I trent’enni, che disastro!
È che proprio i trentenni non esistono più, come gli gnomi, il dodo e gli eschimesi. I trentenni sono una categoria superata, a cui ci si attacca per nostalgia, come il posto fisso». Così parlò uno dei fumettisti “contro” più interessanti degli ultimi anni: Zerocalcare, al secolo Michele Rech. Ci creda o no, però, coi trent’anni ci deve fare i conti perché li ha compiuti da un po’: 34, per la precisione. Non solo. Per i paradossi del destino, ha pure un posto fisso, per così dire: le case editrici se lo contendono e il suo libro più famoso, oggi, è arrivato al cinema.
LA STRISCIA, IL FILM, LA MOSTRA
La profezia dell’armadillo, pubblicato sei anni fa, arriva nelle sale il 13 settembre dopo l’anteprima alla Mostra del cinema di Venezia, dove ha raccolto gli applausi della stampa italiana e straniera. La storia è - o almeno si direbbe - autobiografica. Zero (Simone Liberati, una faccia da tenere d’occhio) trent’anni non li ha ancora compiuti e non sa che fare nella vita, a parte disegnare “strisce” tra un lavoretto e l’altro. Nel suo mondo ci sono l’animale del titolo (Valerio Aprea), voce della sua coscienza, l’amico Secco (Pietro Castellitto, figlio di Sergio e Margaret Mazzantini), una madre (Laura Morante) che prova ancora a fare la chioccia e una notizia che cambia tutto: la morte di Camille, il suo primo amore, che lo mette di fronte al fatto di essere diventato grande sul serio. «Il film, come il fumetto originale, è ambientato nel quartiere di Rebibbia, nella cosiddetta Tiburtina Valley», spiega il regista Emanuele Scaringi, anche lui esordiente sul grande schermo. «È un pezzo di Roma inusuale, dove si mescolano le classi sociali e le nuove generazioni sperano in un futuro diverso». È l’universo alternativo di Zerocalcare in purezza.

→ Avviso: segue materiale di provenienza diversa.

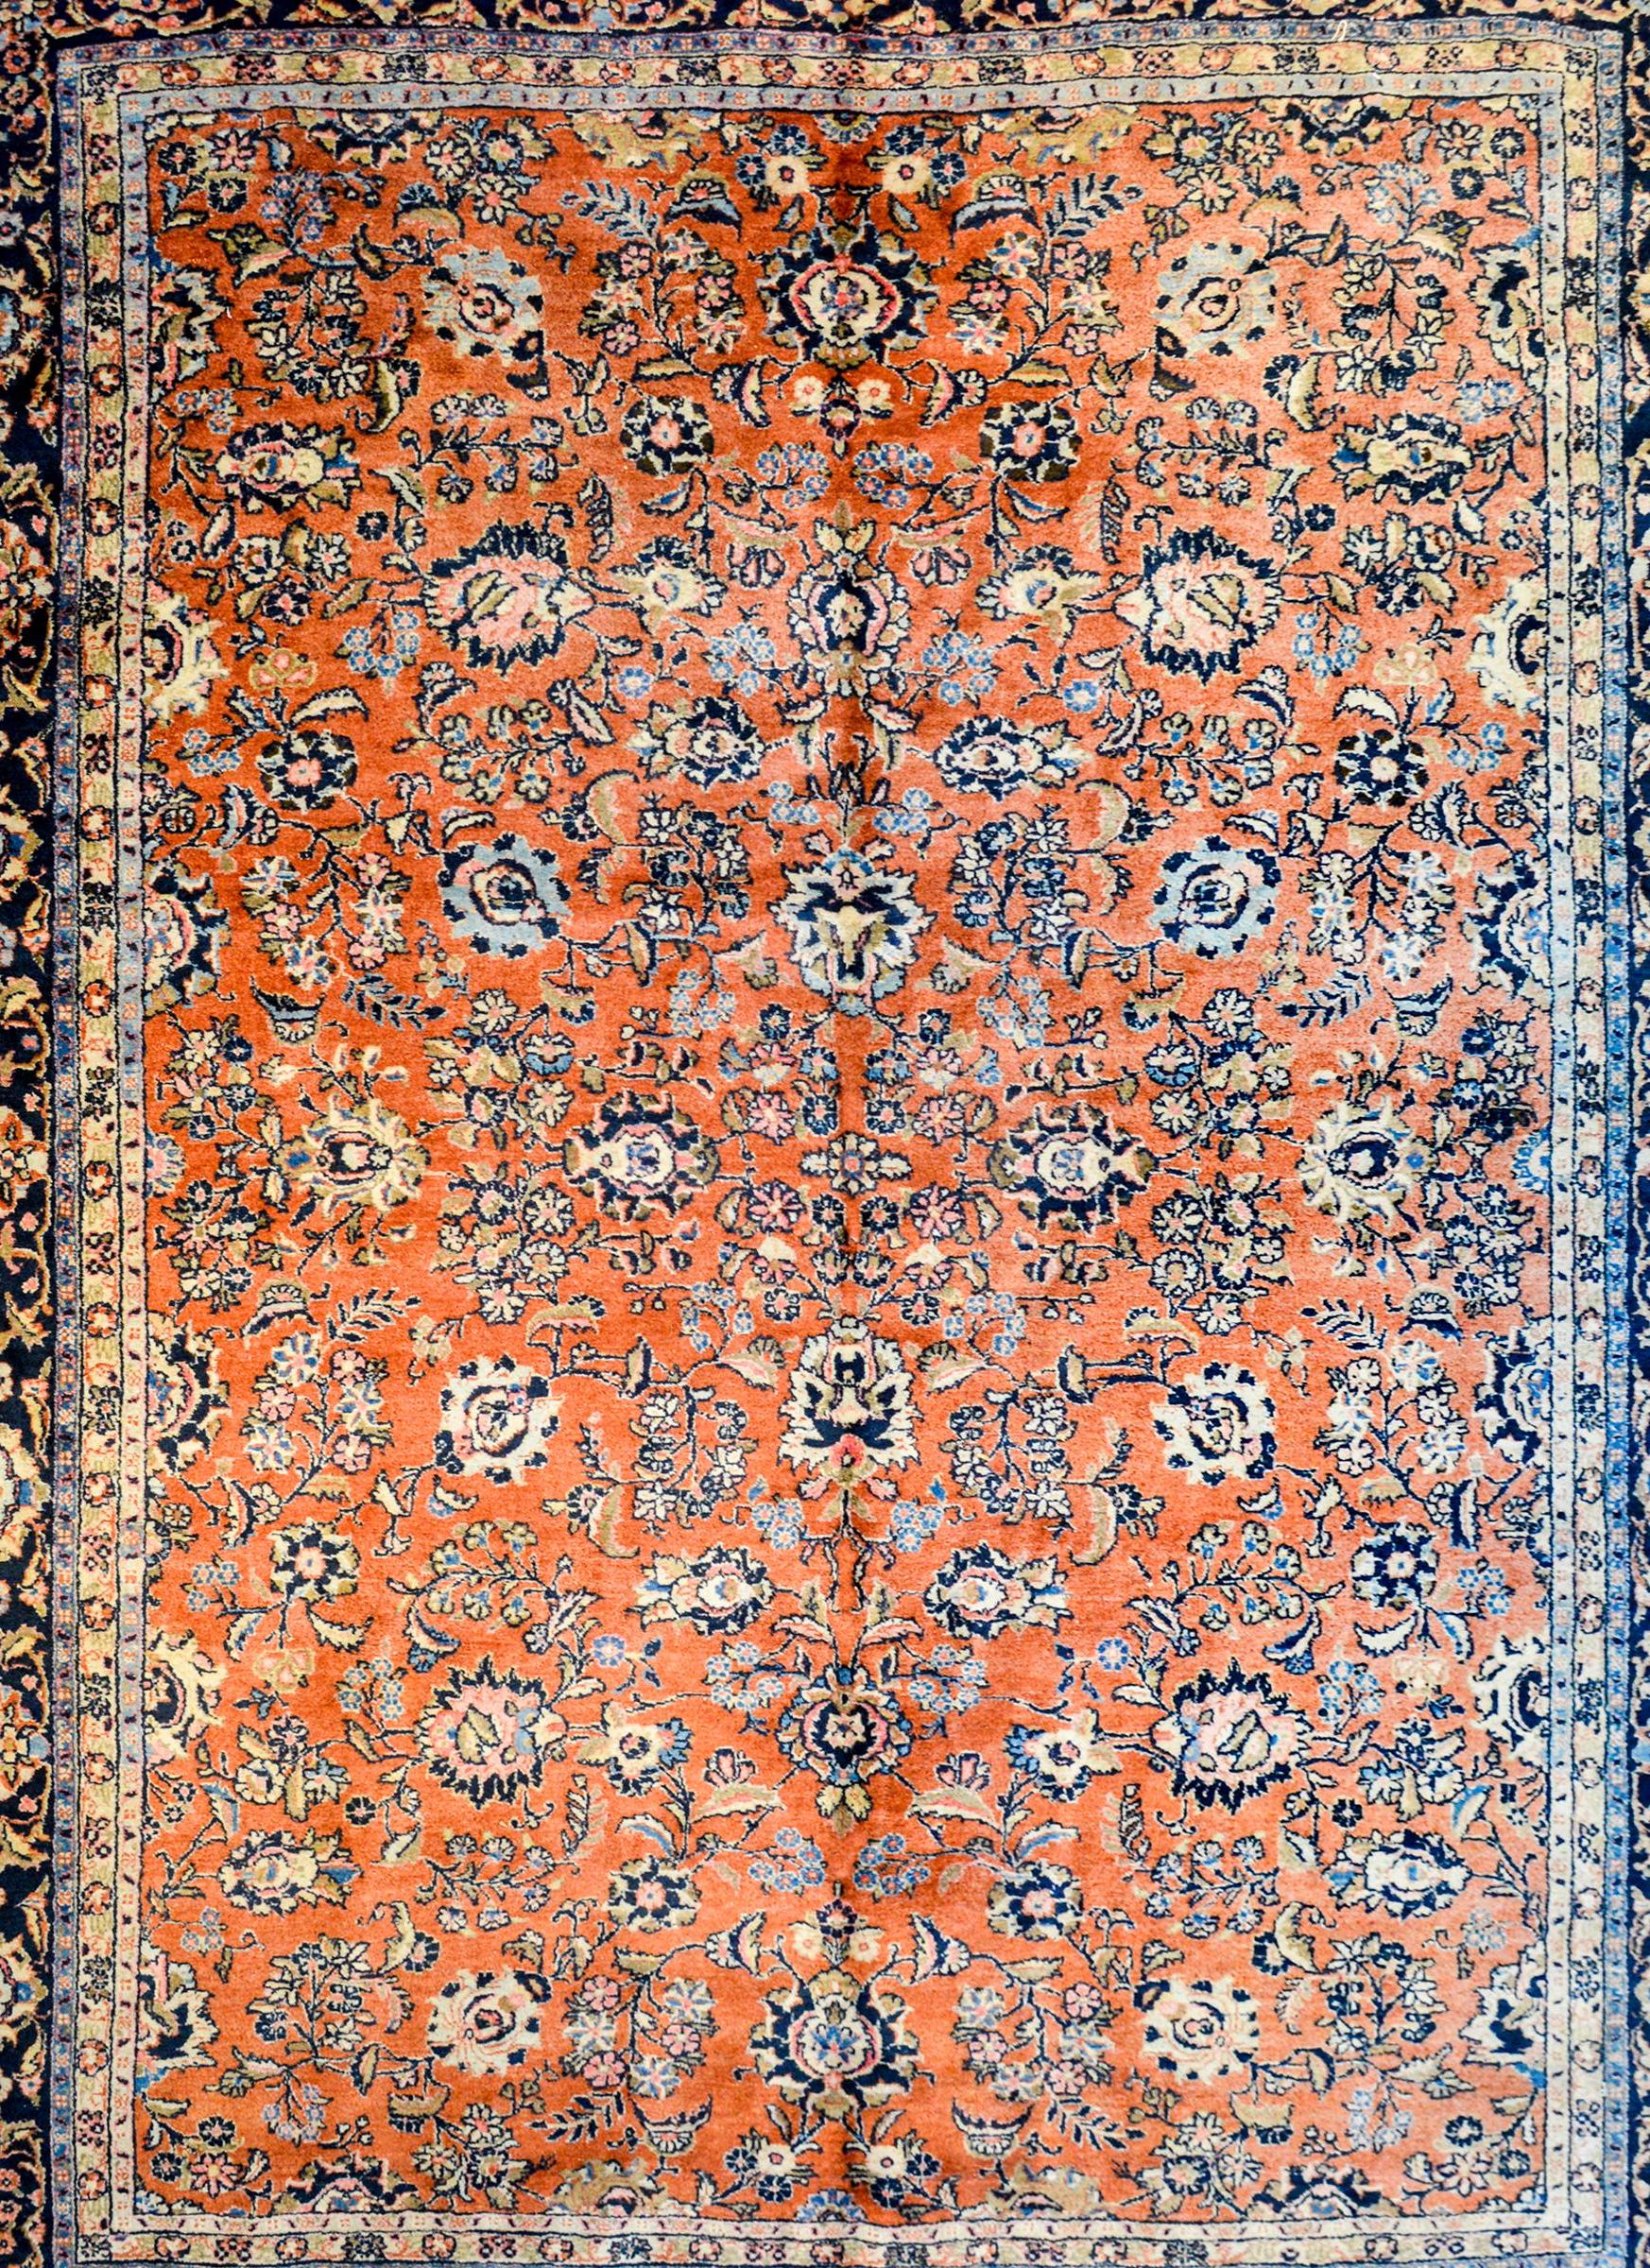 1950s Persian Qazvin rug with an all-over abstract floral pattern woven in light and dark indigo, green, gold, and cream, on a burnt orange colored background. The border is wonderful, with a wide central stripe with a large-scale floral and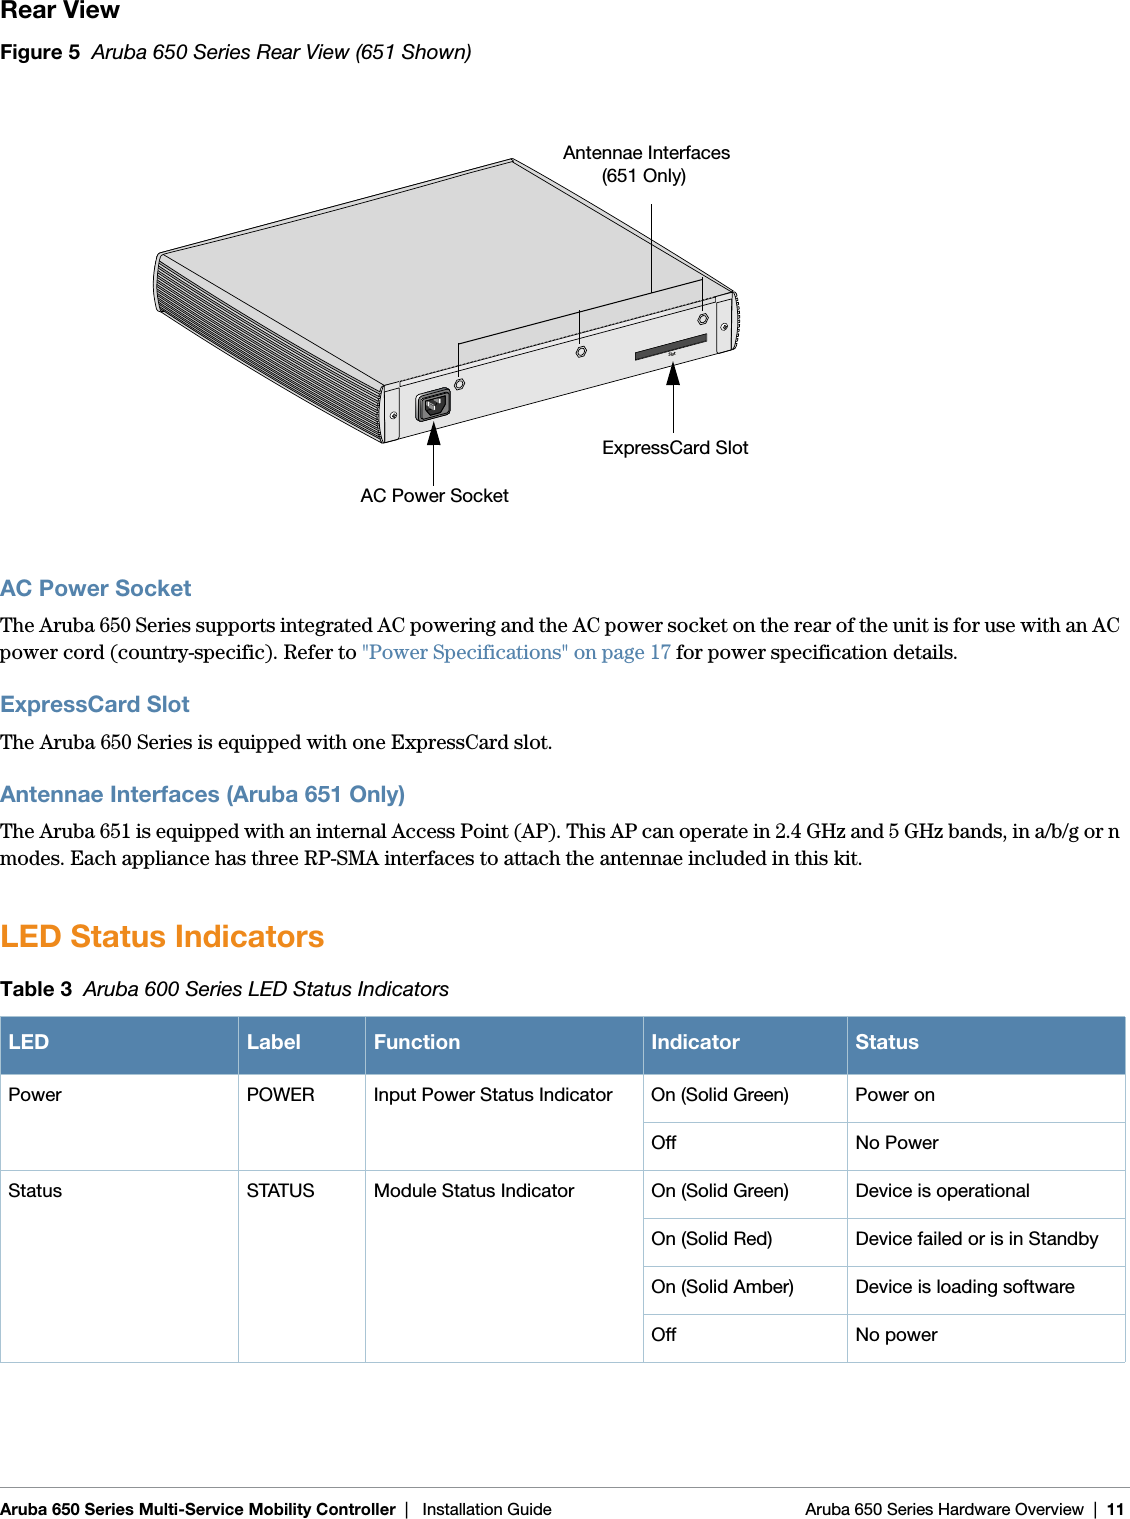 Aruba 650 Series Multi-Service Mobility Controller | Installation Guide Aruba 650 Series Hardware Overview | 11Rear ViewFigure 5  Aruba 650 Series Rear View (651 Shown)AC Power SocketThe Aruba 650 Series supports integrated AC powering and the AC power socket on the rear of the unit is for use with an AC power cord (country-specific). Refer to &quot;Power Specifications&quot; on page17 for power specification details.ExpressCard SlotThe Aruba 650 Series is equipped with one ExpressCard slot.Antennae Interfaces (Aruba 651 Only)The Aruba 651 is equipped with an internal Access Point (AP). This AP can operate in 2.4 GHz and 5 GHz bands, in a/b/g or n modes. Each appliance has three RP-SMA interfaces to attach the antennae included in this kit.LED Status IndicatorsTable 3  Aruba 600 Series LED Status IndicatorsLED Label Function Indicator StatusPower POWER Input Power Status Indicator On (Solid Green) Power onOff No PowerStatus STATUS Module Status Indicator On (Solid Green) Device is operationalOn (Solid Red)  Device failed or is in StandbyOn (Solid Amber) Device is loading softwareOff No powerSlotAC Power SocketExpressCard SlotAntennae Interfaces (651 Only)

Che ritroveremo al museo Extra MAXXI di Roma nella prima grande mostra personale a lui dedicata, in programma dal 10 novembre: illustrazioni, tavole originali, loghi, magliette, poster e anche un’installazione site specific creata per l’evento.
TRA IRONIA E IMPEGNO
All’inizio nelle strisce c’è stata, dicevamo, la sua vita. Dopo La profezia dell’armadillo, la sua “opera prima”, Michele ha proseguito nel suo affresco personale e collettivo, sospeso tra acuta sociologia e divertente autocritica: Ogni maledetto lunedì su due (2013), Dodici (2013), Dimentica il mio
nome (2014), tutti editi da Bao Publishing. «Voglio raccontare il disagio di una generazione tagliata fuori da tutto», ha detto a proposito dei suoi lavori. Diventato grande, pure lo scenario delle sue tavole si è fatto adulto. I reportage “disegnati” per il settimanale Internazionale sono diventati il volume Kobane Calling (2015), che racconta il suo viaggio al confine tra Siria e Turchia: un vero esame di maturità. L’ultimo lavoro si intitola Macerie pri
me (uscito in due parti tra il 2017 e il 2018), sul fallimento dei nati negli anni Ottanta. «Siamo un cumulo di macerie», li (e si) definisce l’autore, nonostante le 800.000 copie vendute che oggi può vantare. E che però non cambiano di una virgola lo Zerocalcare-pensiero, manifesto di una generazione precaria, arrabbiata e disillusa.